-- Data provided --
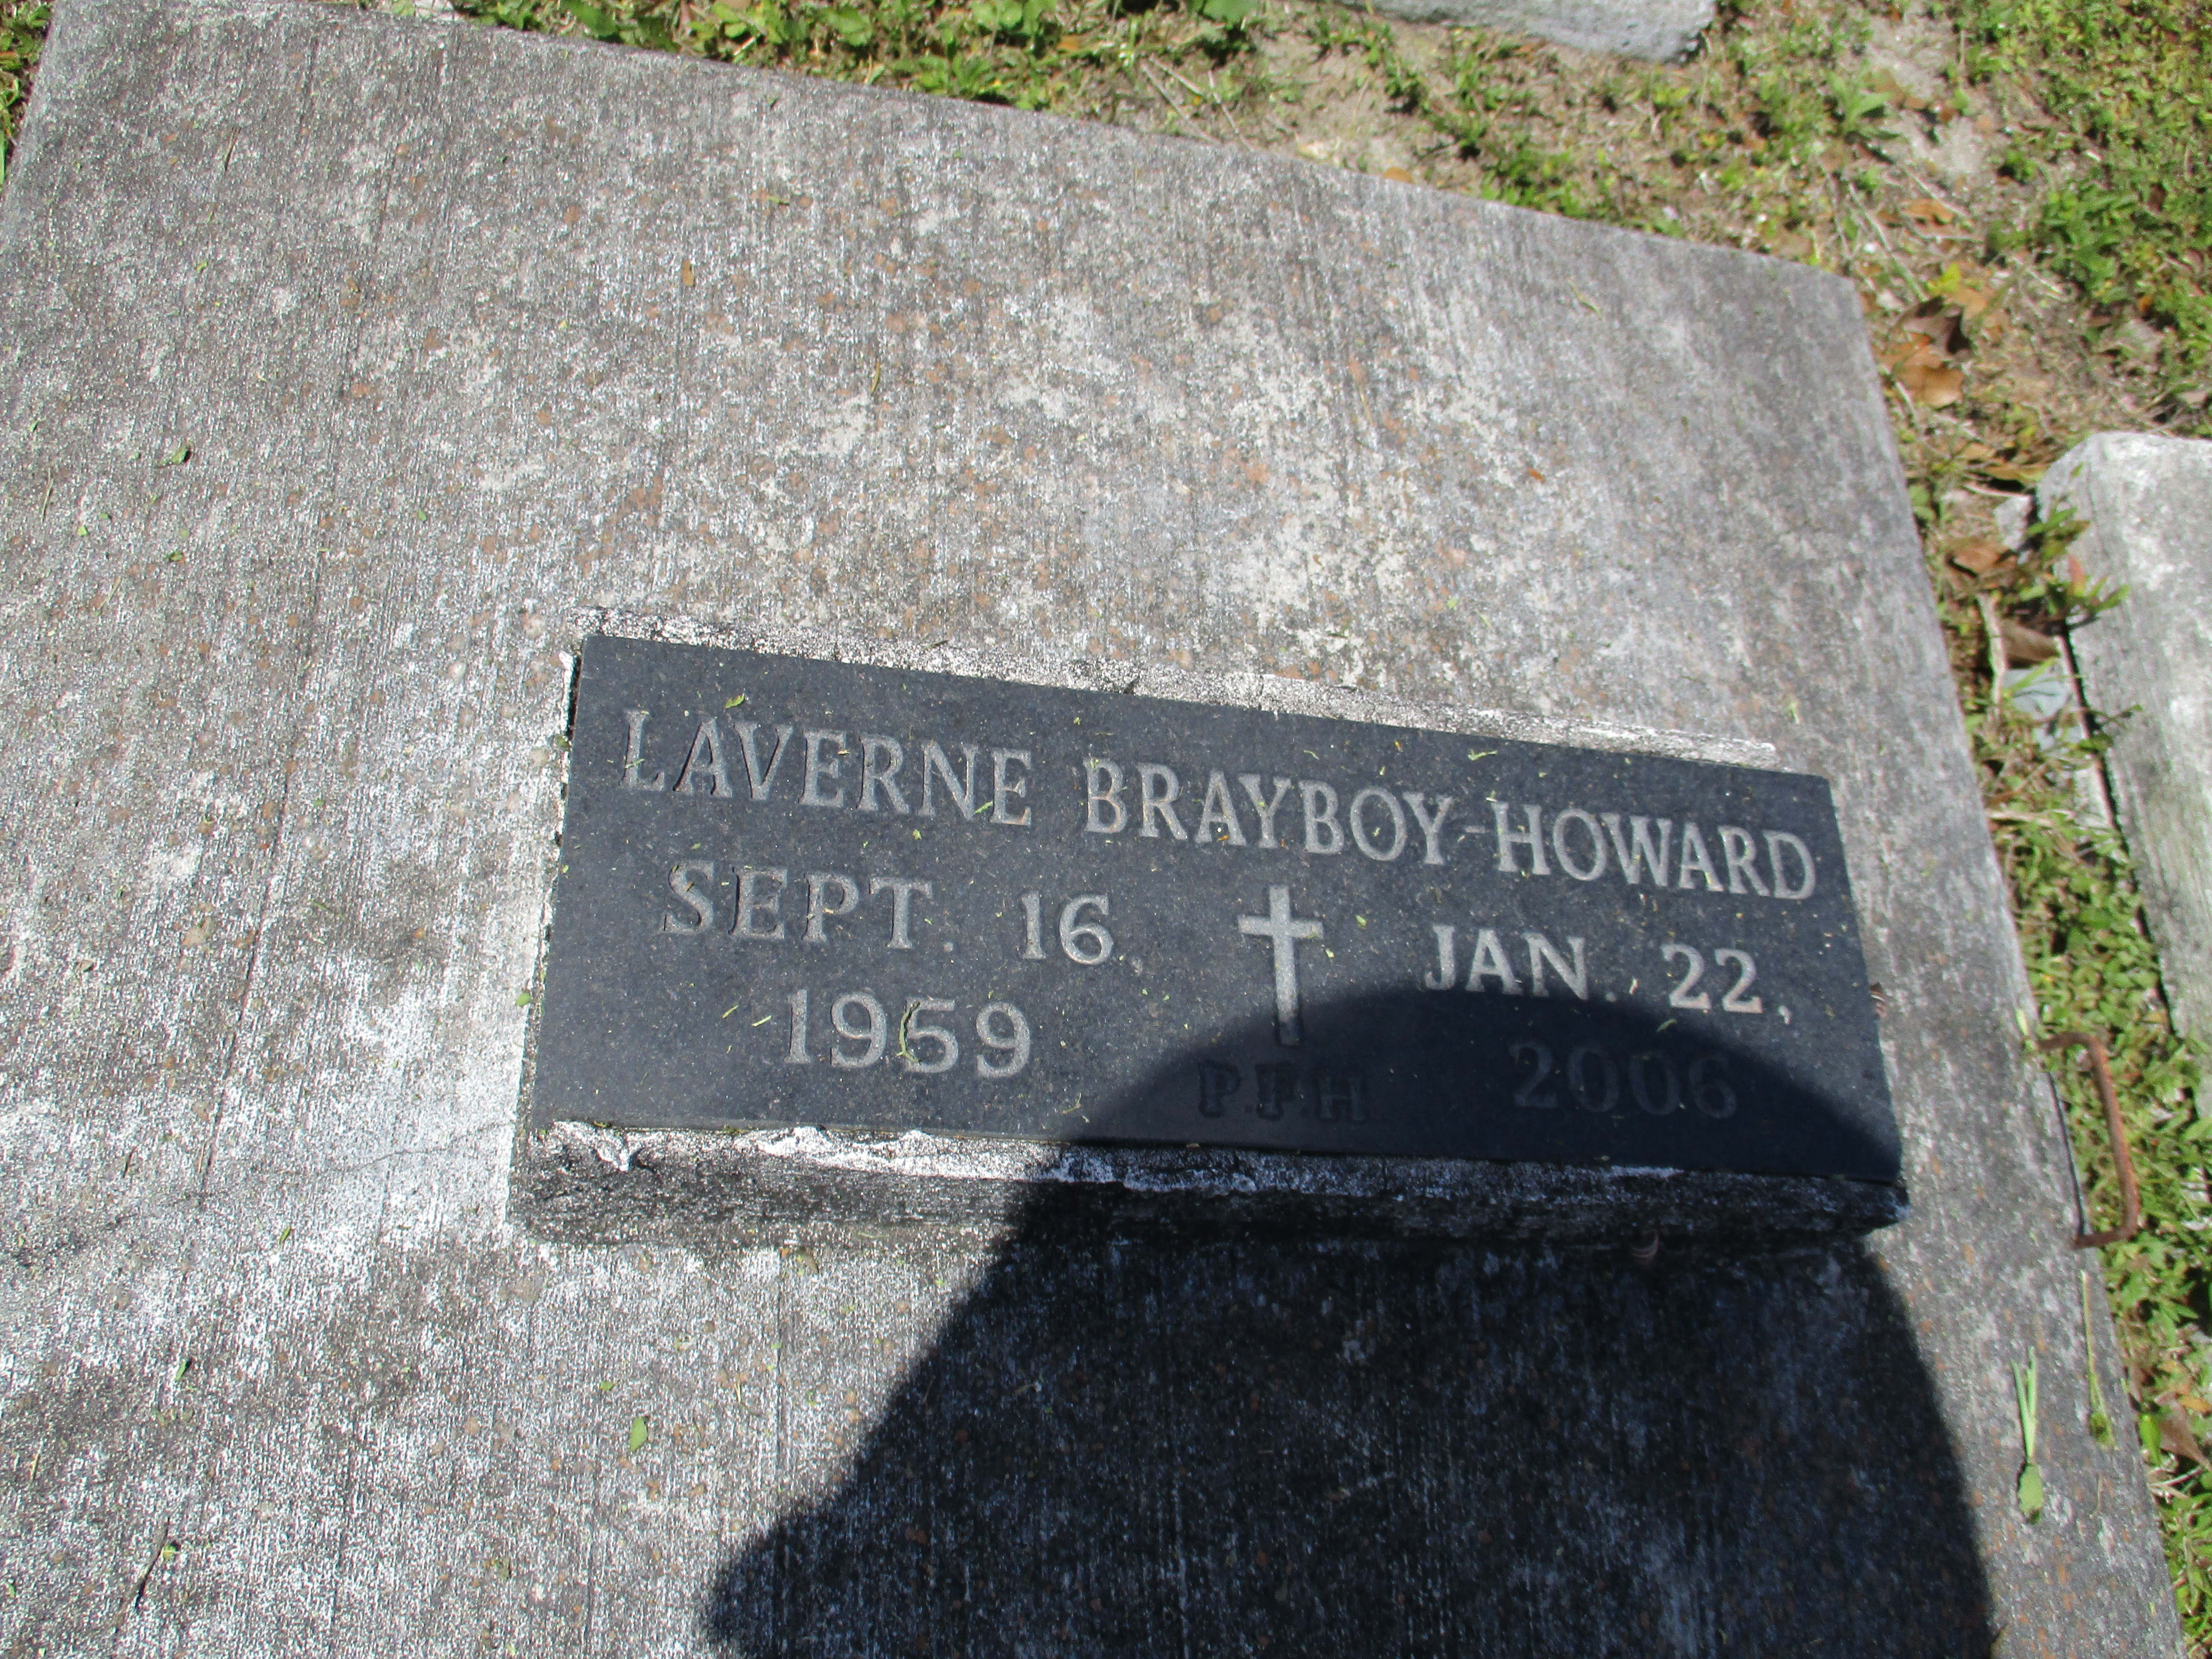 Laverne Brayboy-Howard
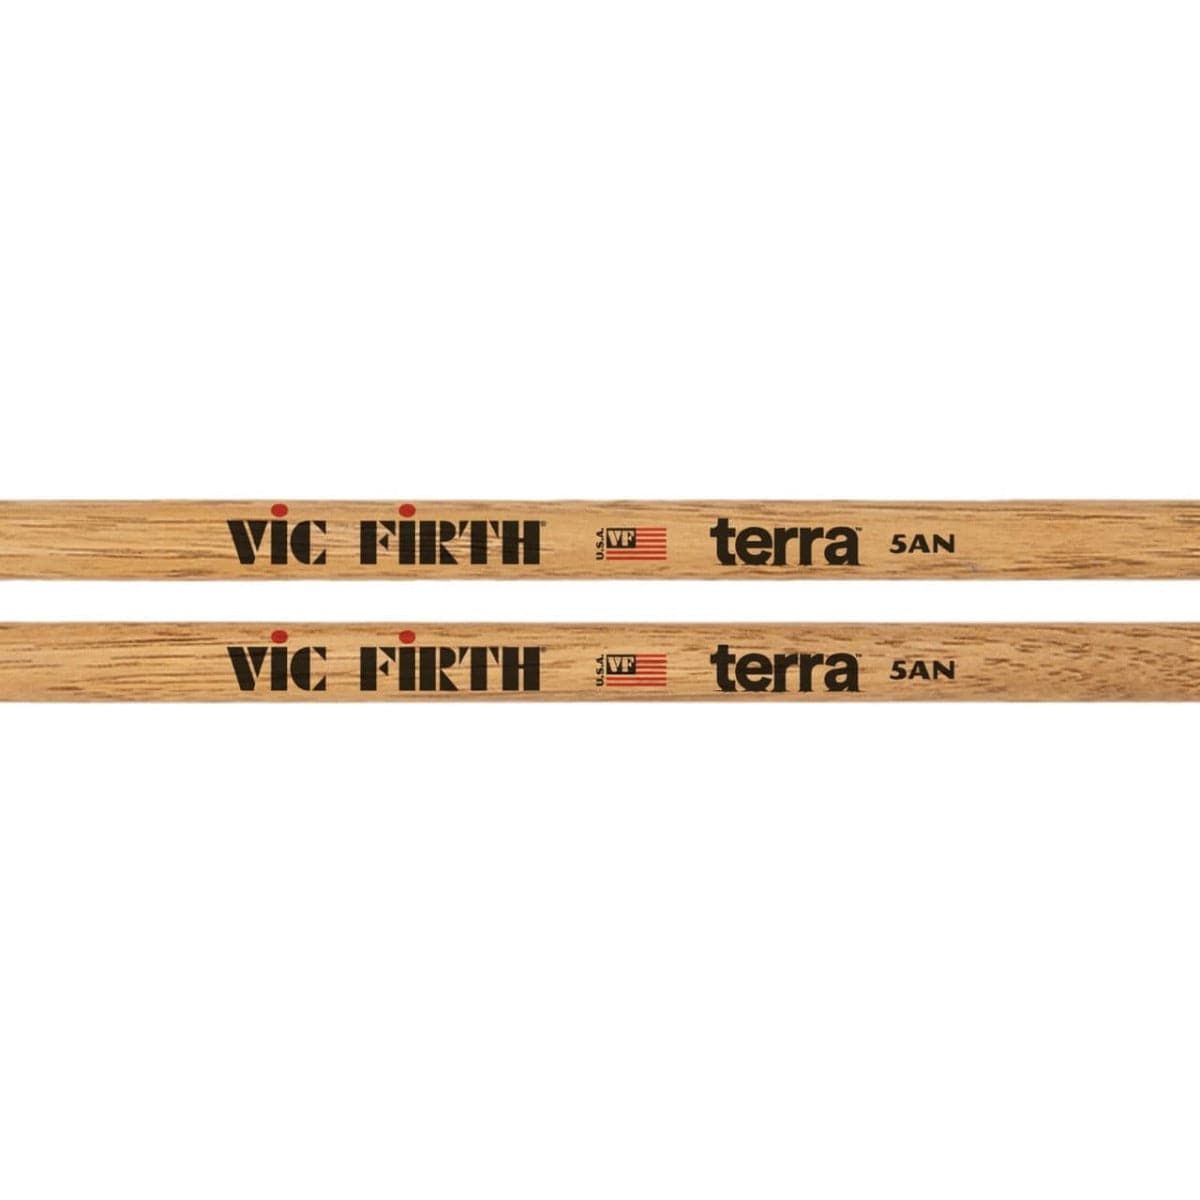 Vic Firth American Classic 5ATN Terra Series Drumsticks, 4pr Value Pack
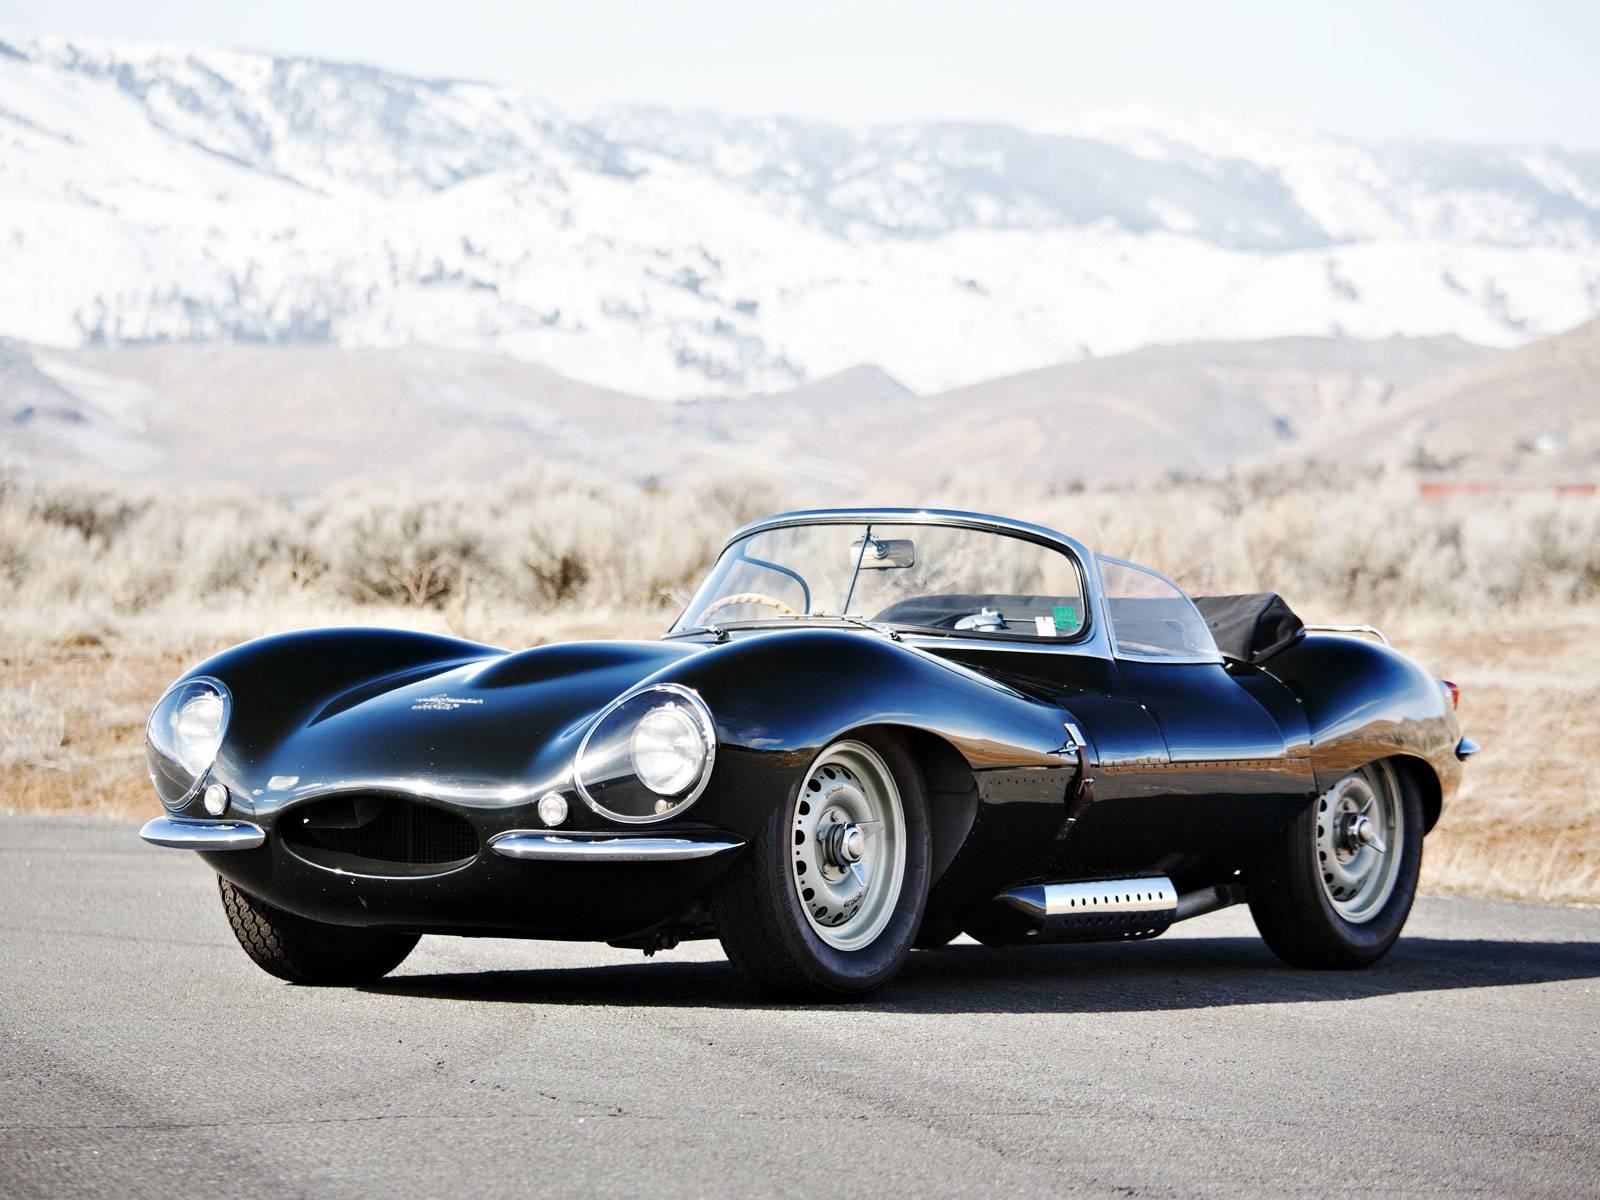 alt="1957 Jaguar XKSS"

-- Task description --
An exact copy of every line above is needed, without the images.

-- Finished task --
 Laverne Brayboy-Howard
 Vic Firth American Classic 5ATN Terra Series Drumsticks, 4pr Value Pack
 alt="1957 Jaguar XKSS"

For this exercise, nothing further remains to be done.